**Exercise aim**
Here the job is to transcribe only the lines from the one containing "JohnnyTenspeed: BMX Airmaster: Arcade" through the last line below, exactly as written; please leave out pictures.

**Provided data**
****************

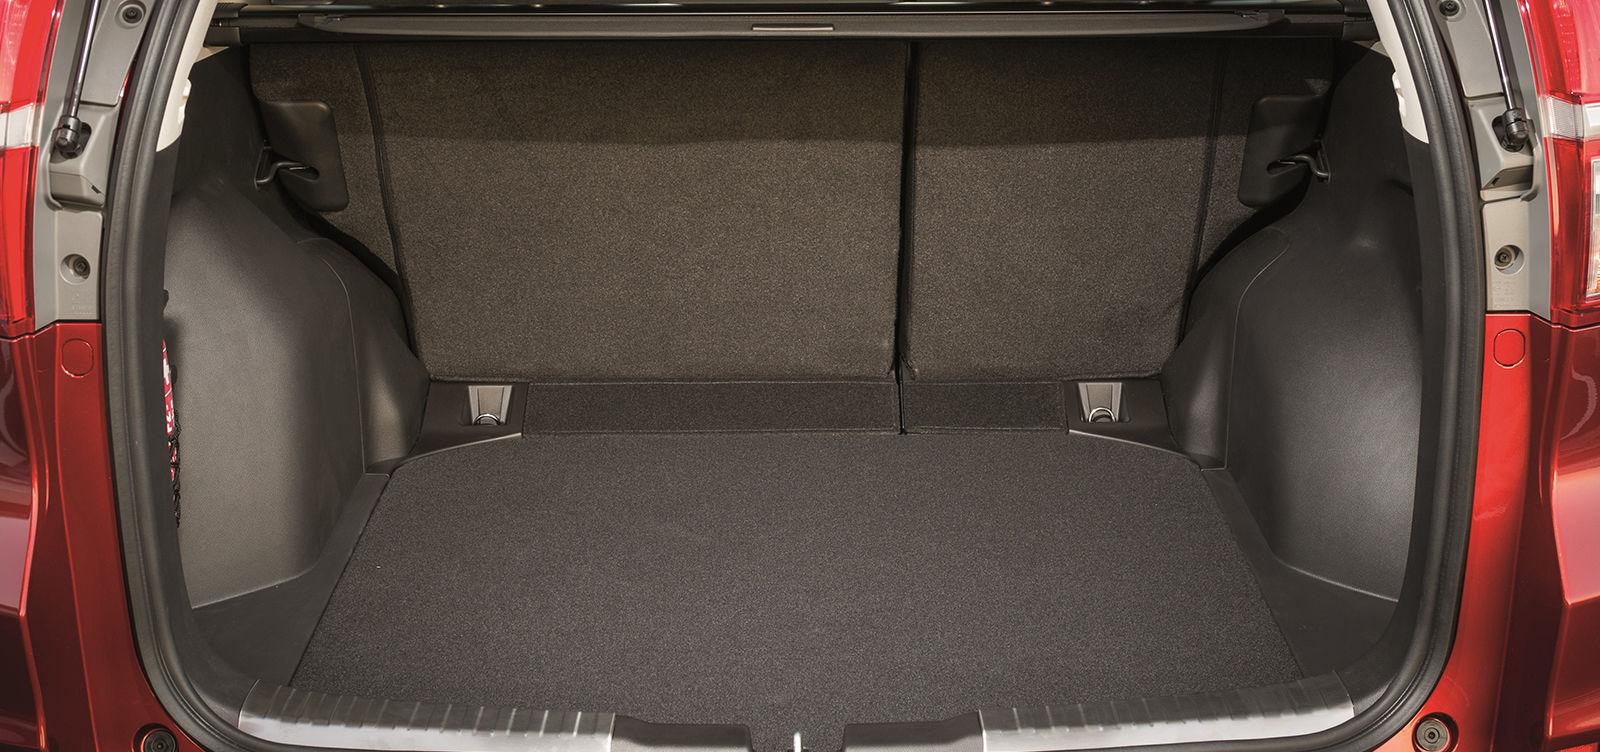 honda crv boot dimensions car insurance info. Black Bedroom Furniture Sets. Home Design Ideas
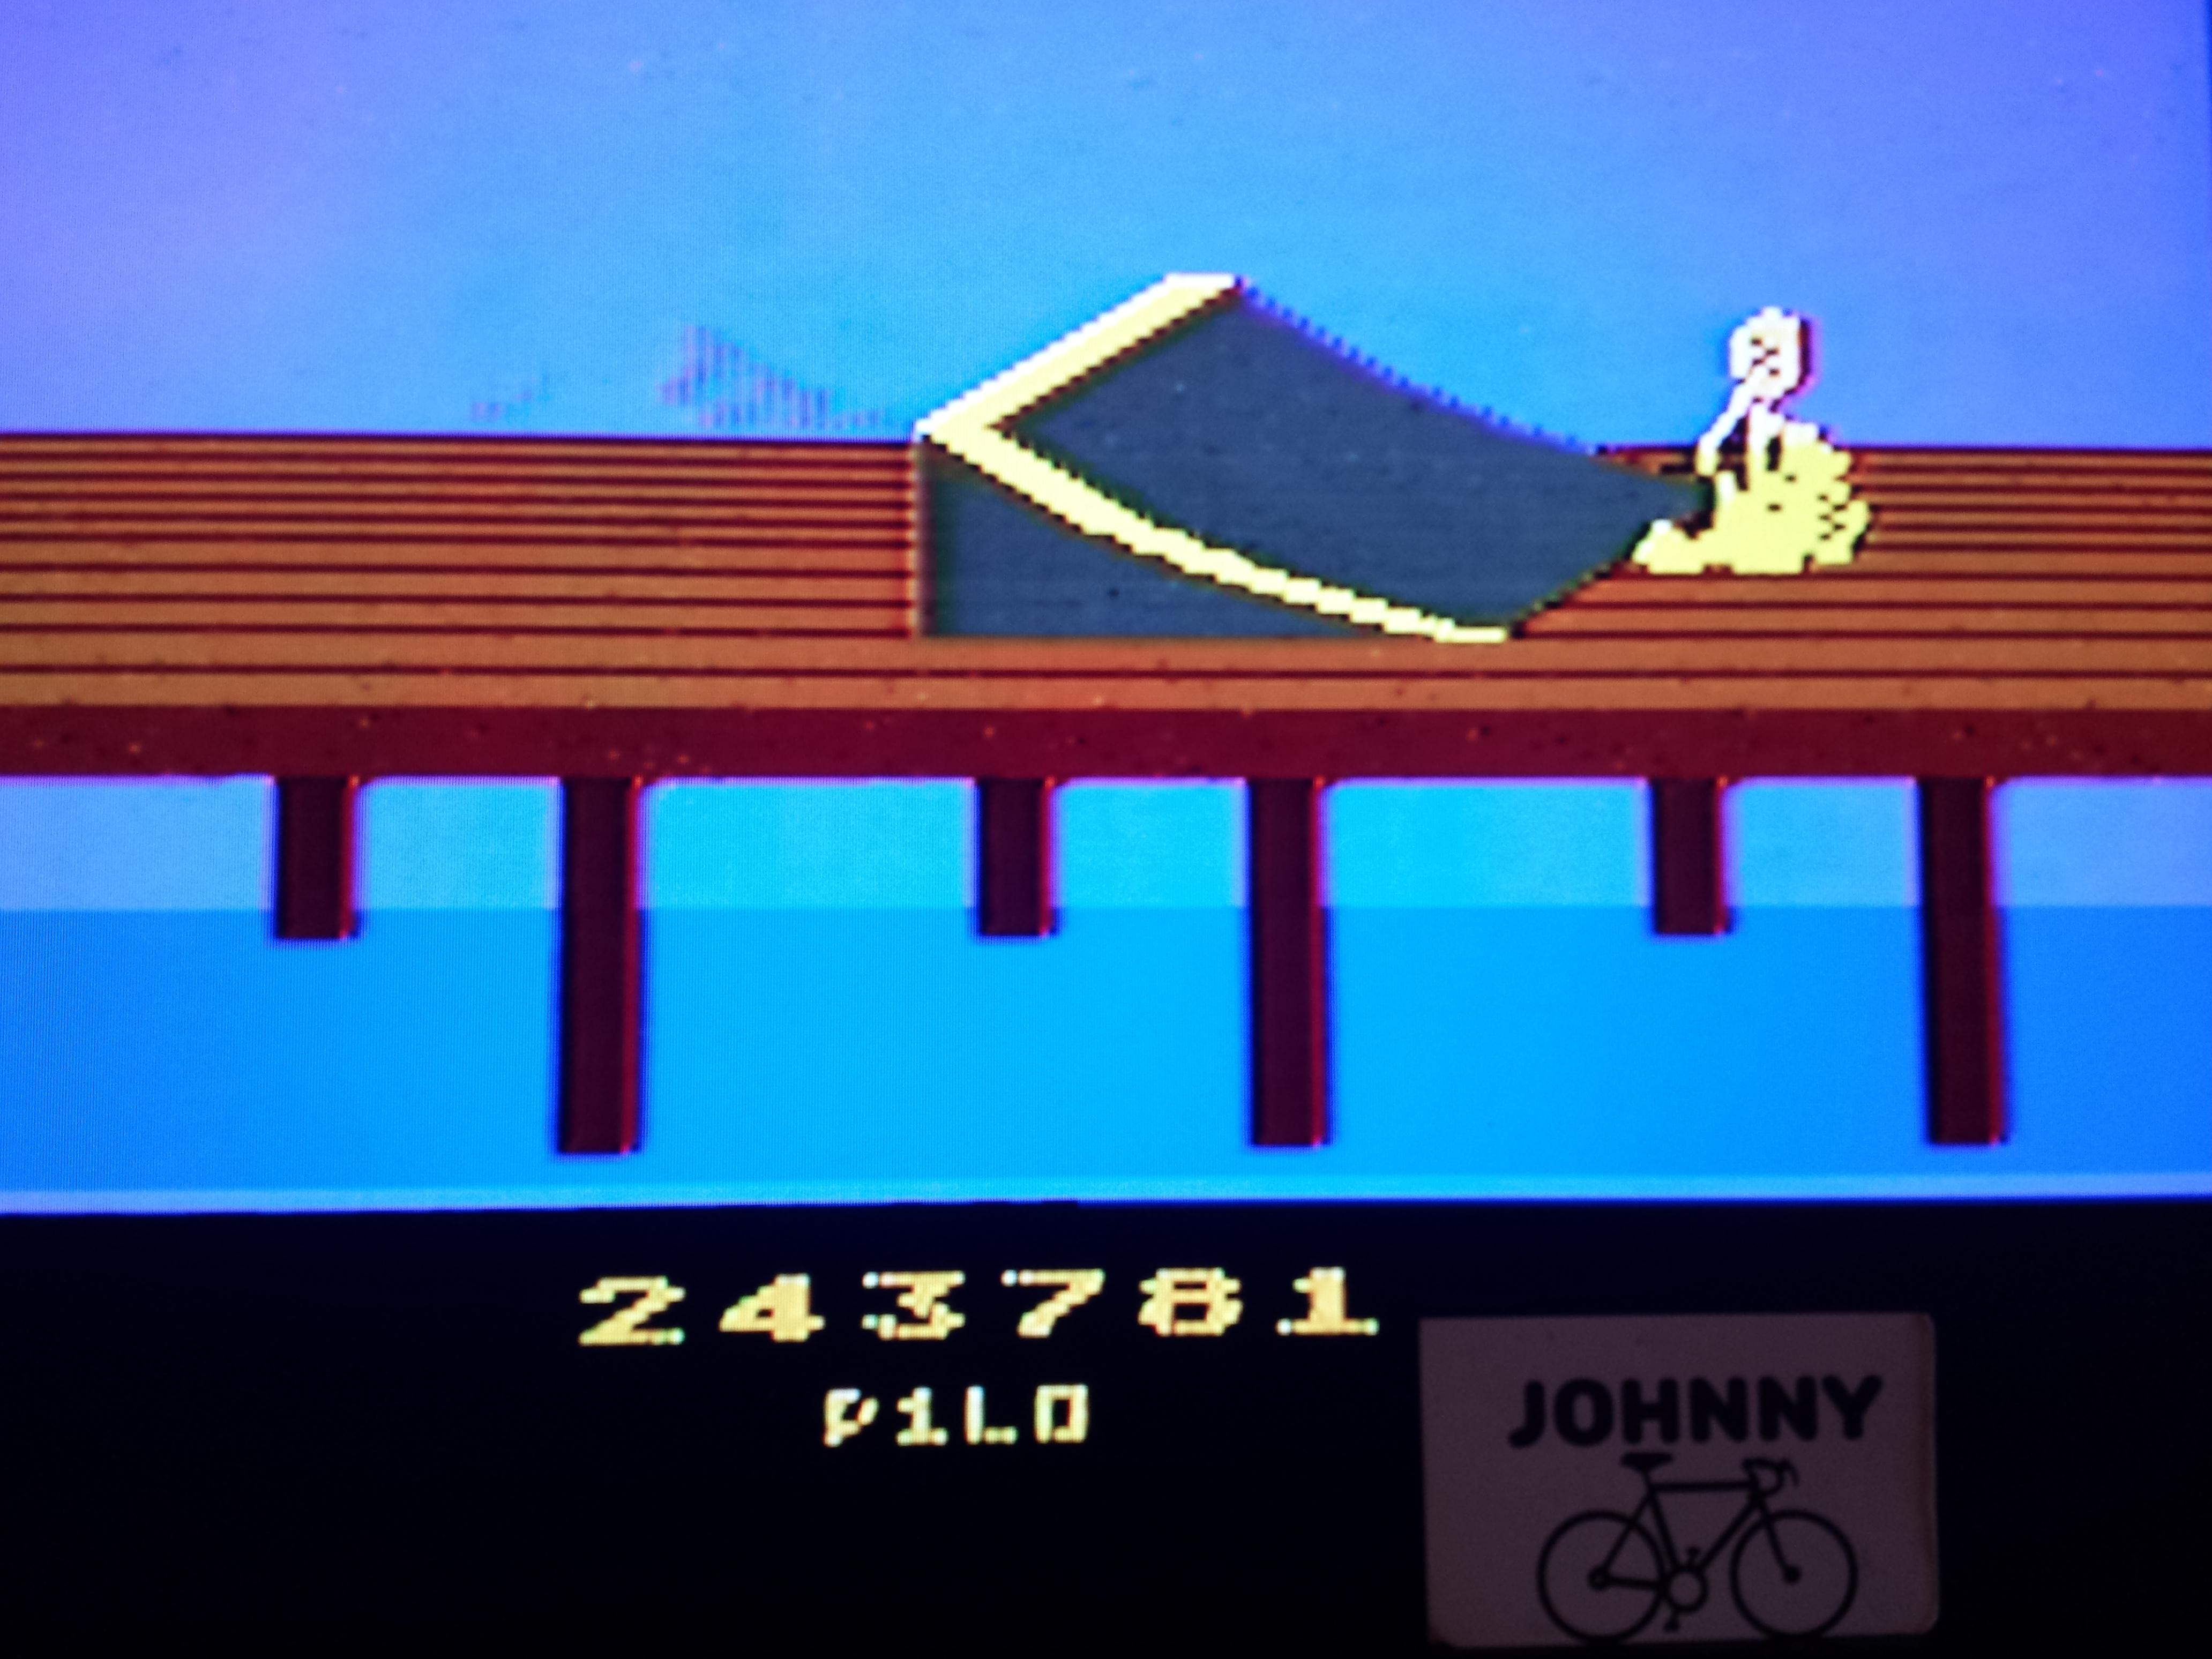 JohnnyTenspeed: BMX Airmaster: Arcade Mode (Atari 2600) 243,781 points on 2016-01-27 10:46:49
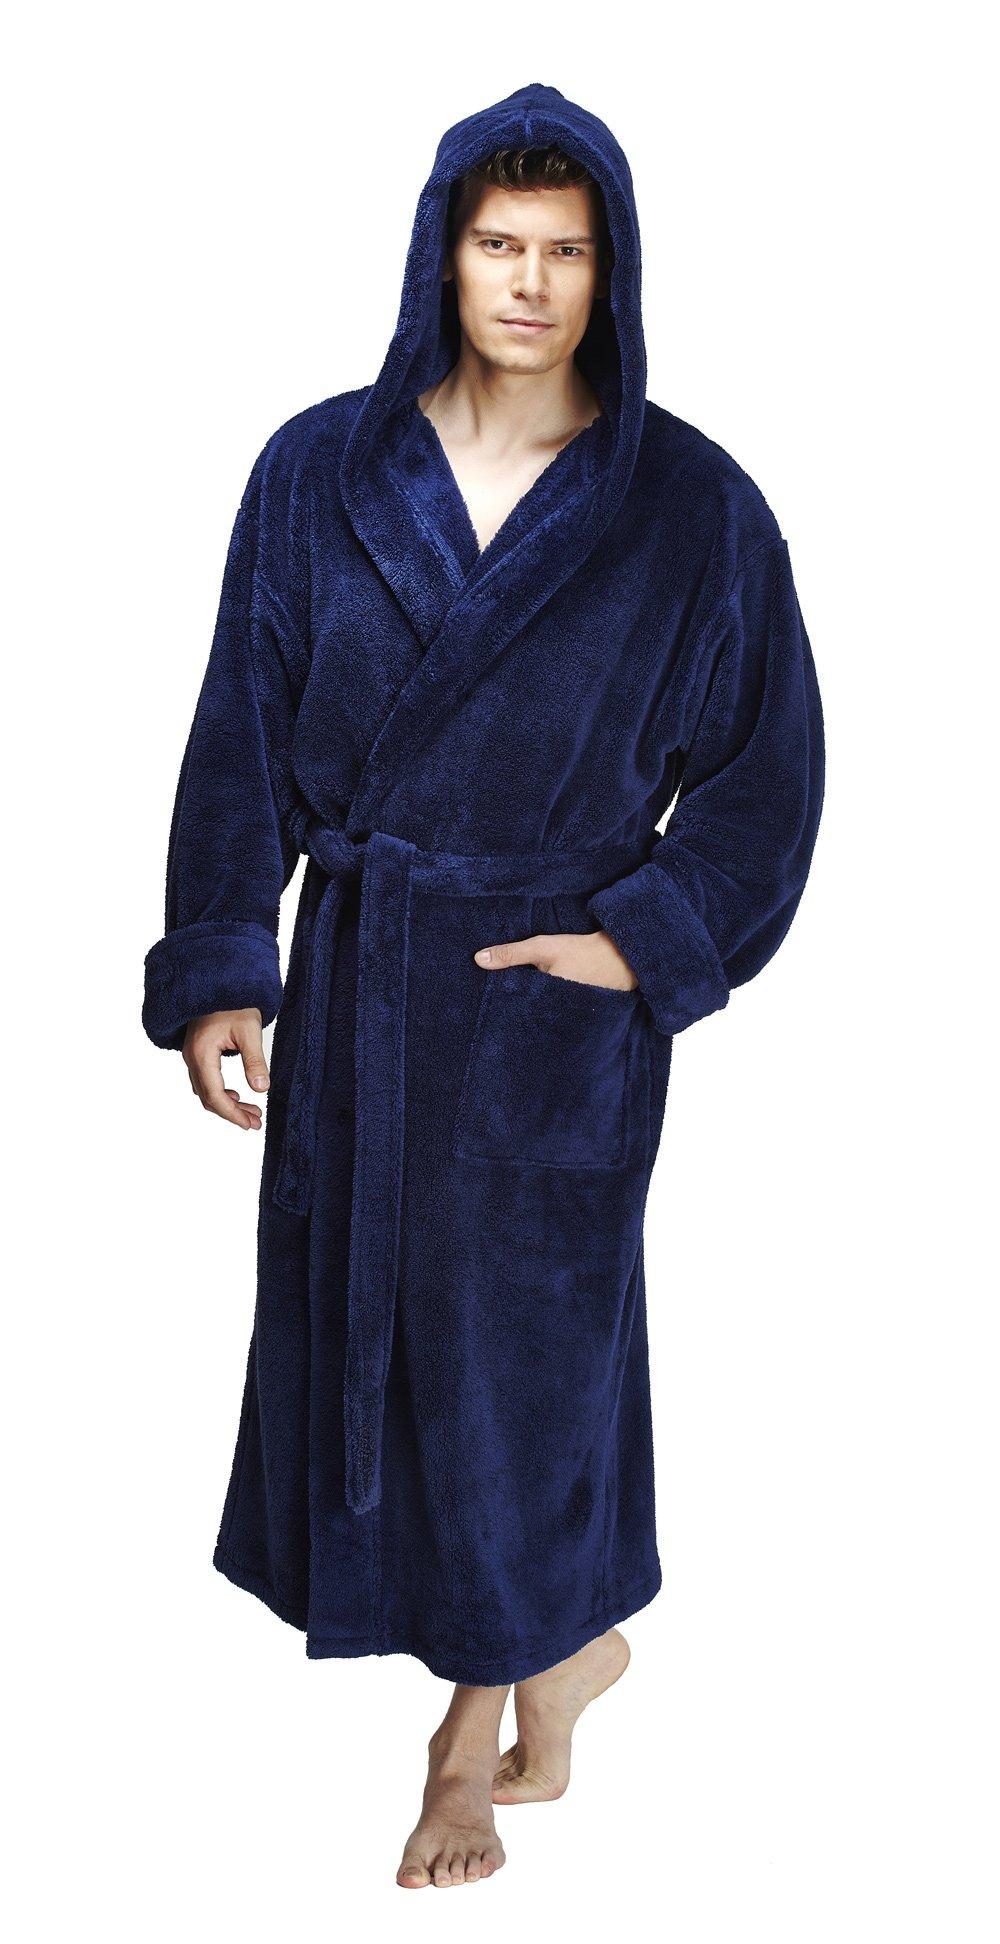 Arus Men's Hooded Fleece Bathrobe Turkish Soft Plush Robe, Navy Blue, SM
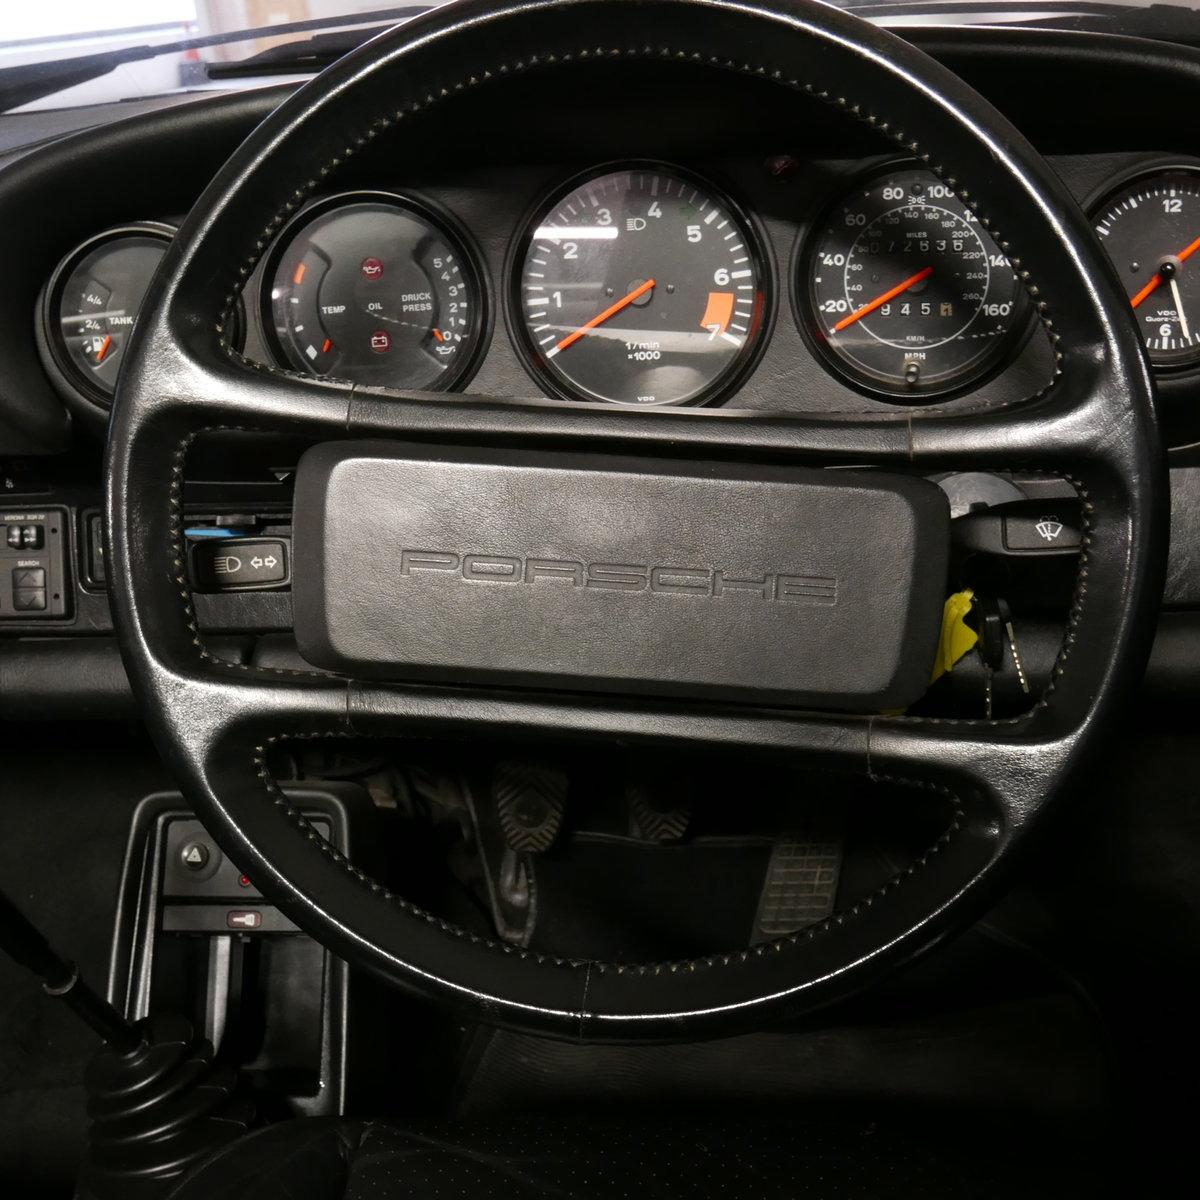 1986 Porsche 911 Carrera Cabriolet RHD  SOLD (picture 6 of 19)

****************

**Response below**
 JohnnyTenspeed: BMX Airmaster: Arcade Mode (Atari 2600) 243,781 points on 2016-01-27 10:46:49
 Arus Men's Hooded Fleece Bathrobe Turkish Soft Plush Robe, Navy Blue, SM
 1986 Porsche 911 Carrera Cabriolet RHD  SOLD (picture 6 of 19)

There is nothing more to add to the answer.